Fair Work Australia was a far more ambitious affair. It was a government bill, presided over by the deputy prime minister, and given a full-dress inquiry. The ACTU, employer groups, even the states and territories (in hopes they might agree to a uniform system across all jurisdictions) participated. It took a full year, but what emerged was a comprehensive reworking of Australian labor law.
Fair Work Australia jettisoned Howard’s individual contracts and boldly revised the awards system, dividing it into two streams: National Employment Standards, which covered ten basic conditions, and “modern awards,” which covered matters applicable to individual industries. Enterprise bargaining remained, with pattern bargaining barred so that agreements would be tailored to the efficiency needs of individual firms. Union participation, while not mandatory, was pretty well assured by stronger rules of entry and representation. Among the mandated rights that in America either do not exist or come only via a union contract were job flexibility to meet family needs, consultation and dispute-resolution procedures in every workplace, and strict protections against unfair dismissal. For the disadvantaged and low-paid, Fair Work Australia provided a minimum-wage commission and the prospect of enterprise bargaining; and for contingent workers, a pledge somehow to integrate them into the system. Of matters left undone, most rankling to unionists was Howard’s special commission for the building trades. Still, in an imperfect world Fair Work Australia marked a triumph of statecraft.
It can only have been source of wonderment to Australians, who saw their own bill go off with scarcely a hitch, that the Democrats could sweep a national election and yet not deliver on the major demand of its most important constituency. The problem is that electoral success, even on the scale of 2008, does not translate into control of the Senate, where obeisance to the filibuster—good American word—gives forty-one Senators the power to block most bills. In fact, the Republicans had only forty votes, but every one of them was pledged against the Employee Free Choice Act. The Democrats enjoyed no such unity. The fact that they had sixty votes mattered less than that two came from Arkansas, whose economic heartbeat is Wal-Mart, and half a dozen others were similarly not to be counted on. Whatever momentum the bill had going into the election was overtaken by the financial meltdown, by the consuming, year-long battle over health care, and by dispiriting efforts at patching together a compromise that would hold the sixty Democratic votes. And then there weren’t sixty. In a special election in early 2010, the Democrats unexpectedly lost the Massachusetts seat long held by Ted Kennedy, who, had he lived, would have led Senate fight. The Employee Free Choice Act is not America’s counterpart to Fair Work Australia, but on the contrary, as it recedes into legislative limbo, just another example of how steep the road to labor law reform is in this country.

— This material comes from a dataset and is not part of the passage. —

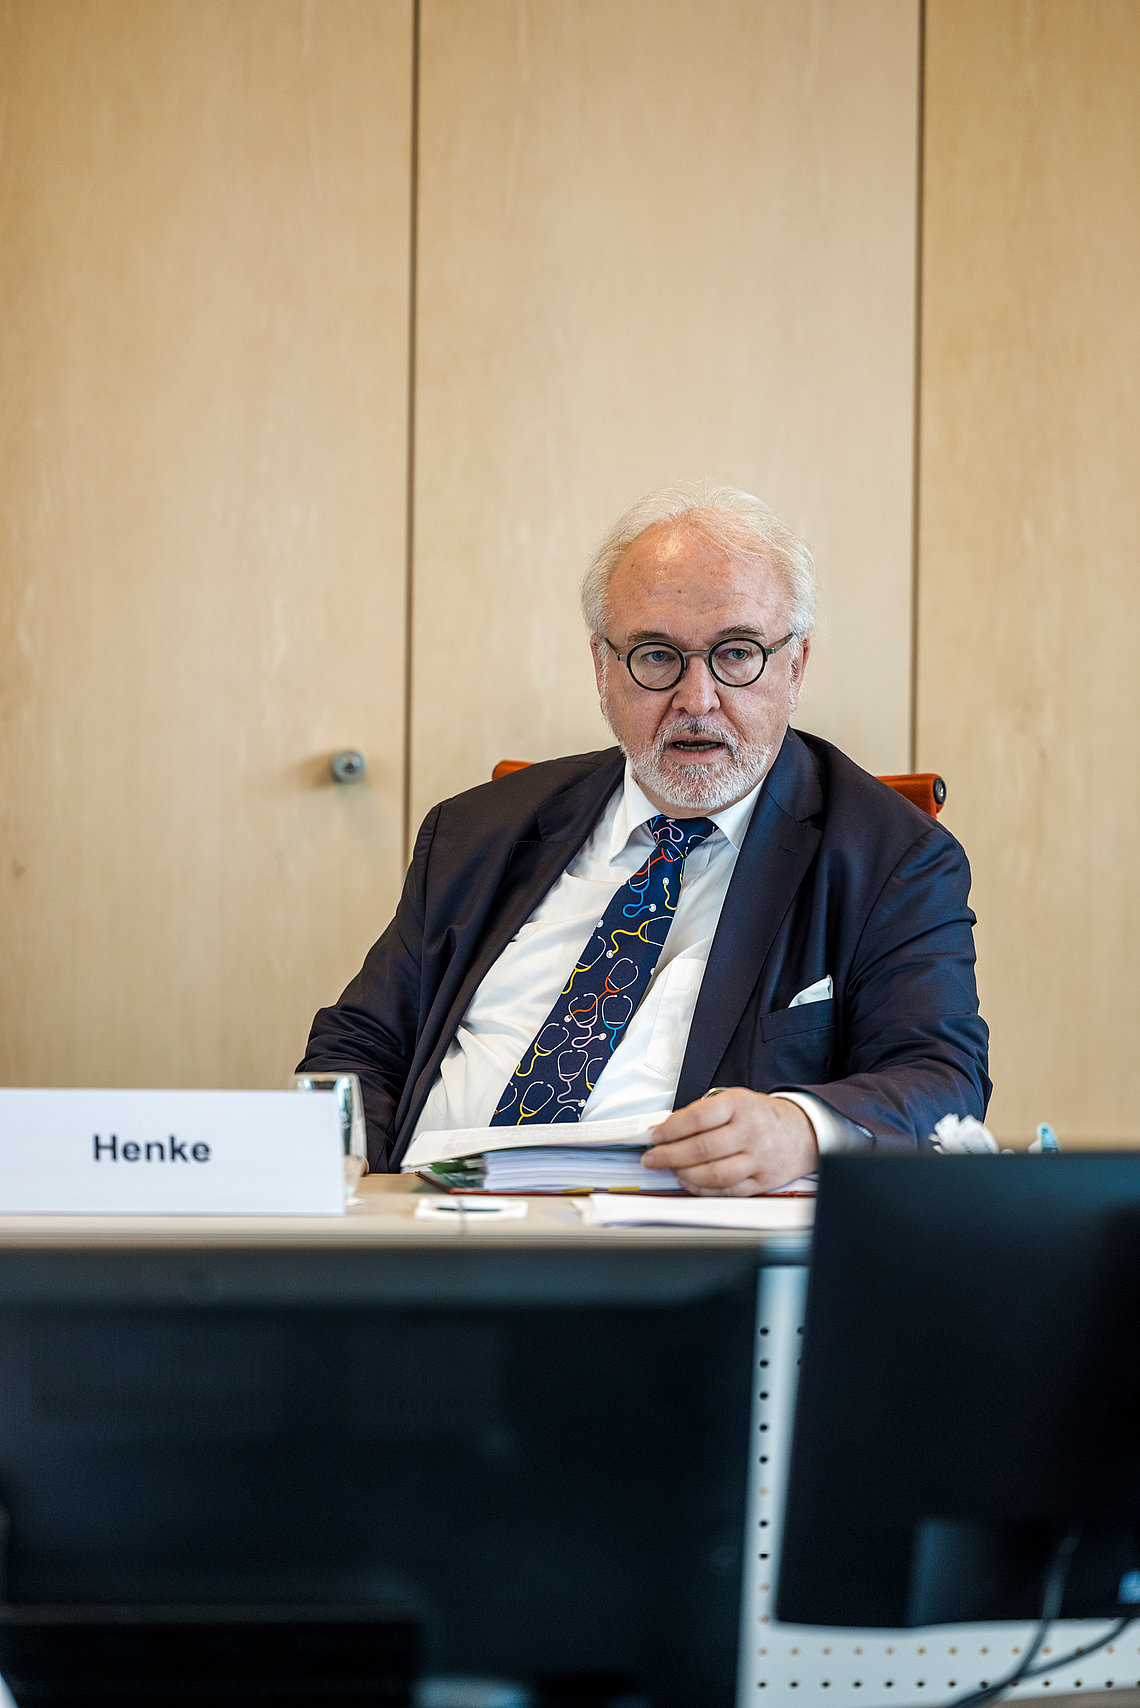 Rudolf Henke, Präsident der Ärztekammer Nordrhein in der Videokonferenz zur Kammerversammlung am 14.11.2020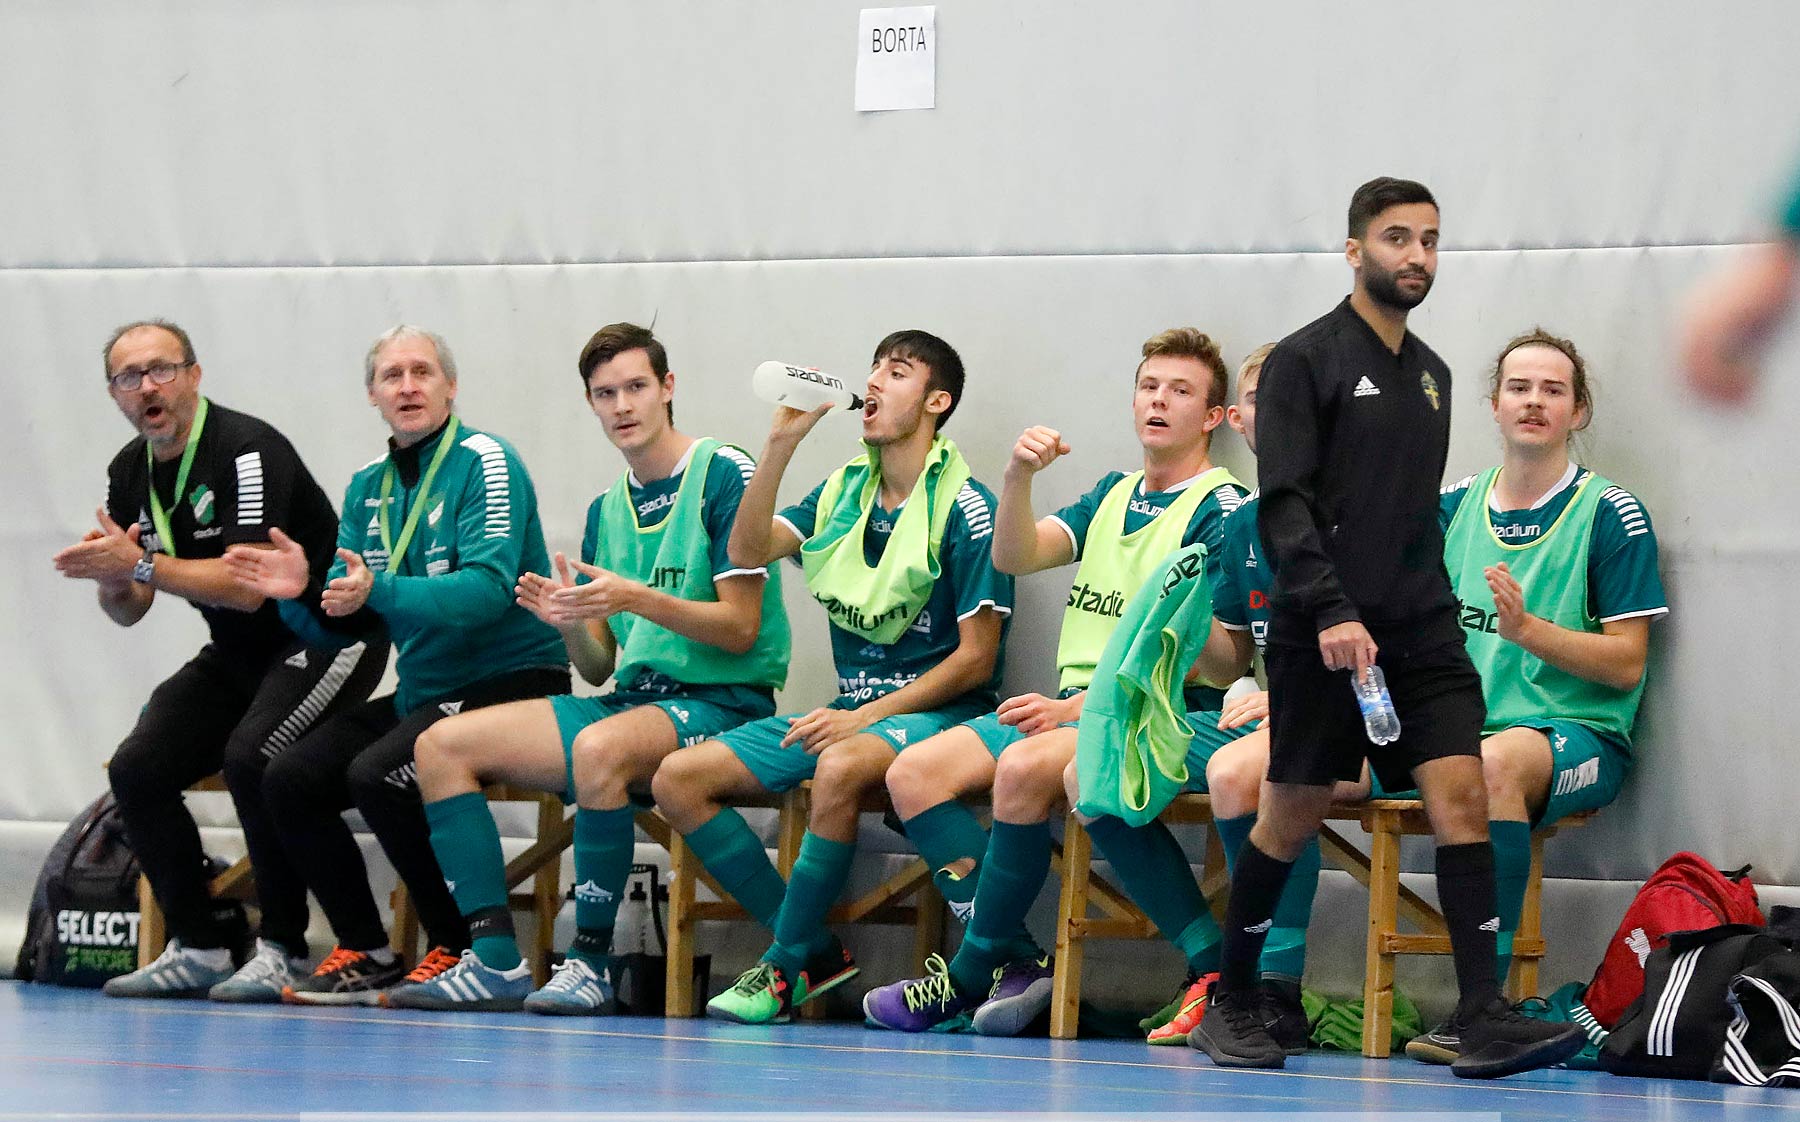 Skövde Futsalcup 2019 Herrar Vårgårda IK-Våmbs IF,herr,Arena Skövde,Skövde,Sverige,Futsal,,2019,227293

My instant comparative history offers no moral, but only, from the American standpoint, a perspective, and a question: does it really have to be this way?
David Brody is a professor emeritus of history at the University of California, Davis, and the author, most recently, of Labor Embattled: History, Power, Rights. The Australian version of this essay may be accessed, via Google, at Labour History (Australia), Number 97, Nov. 2009.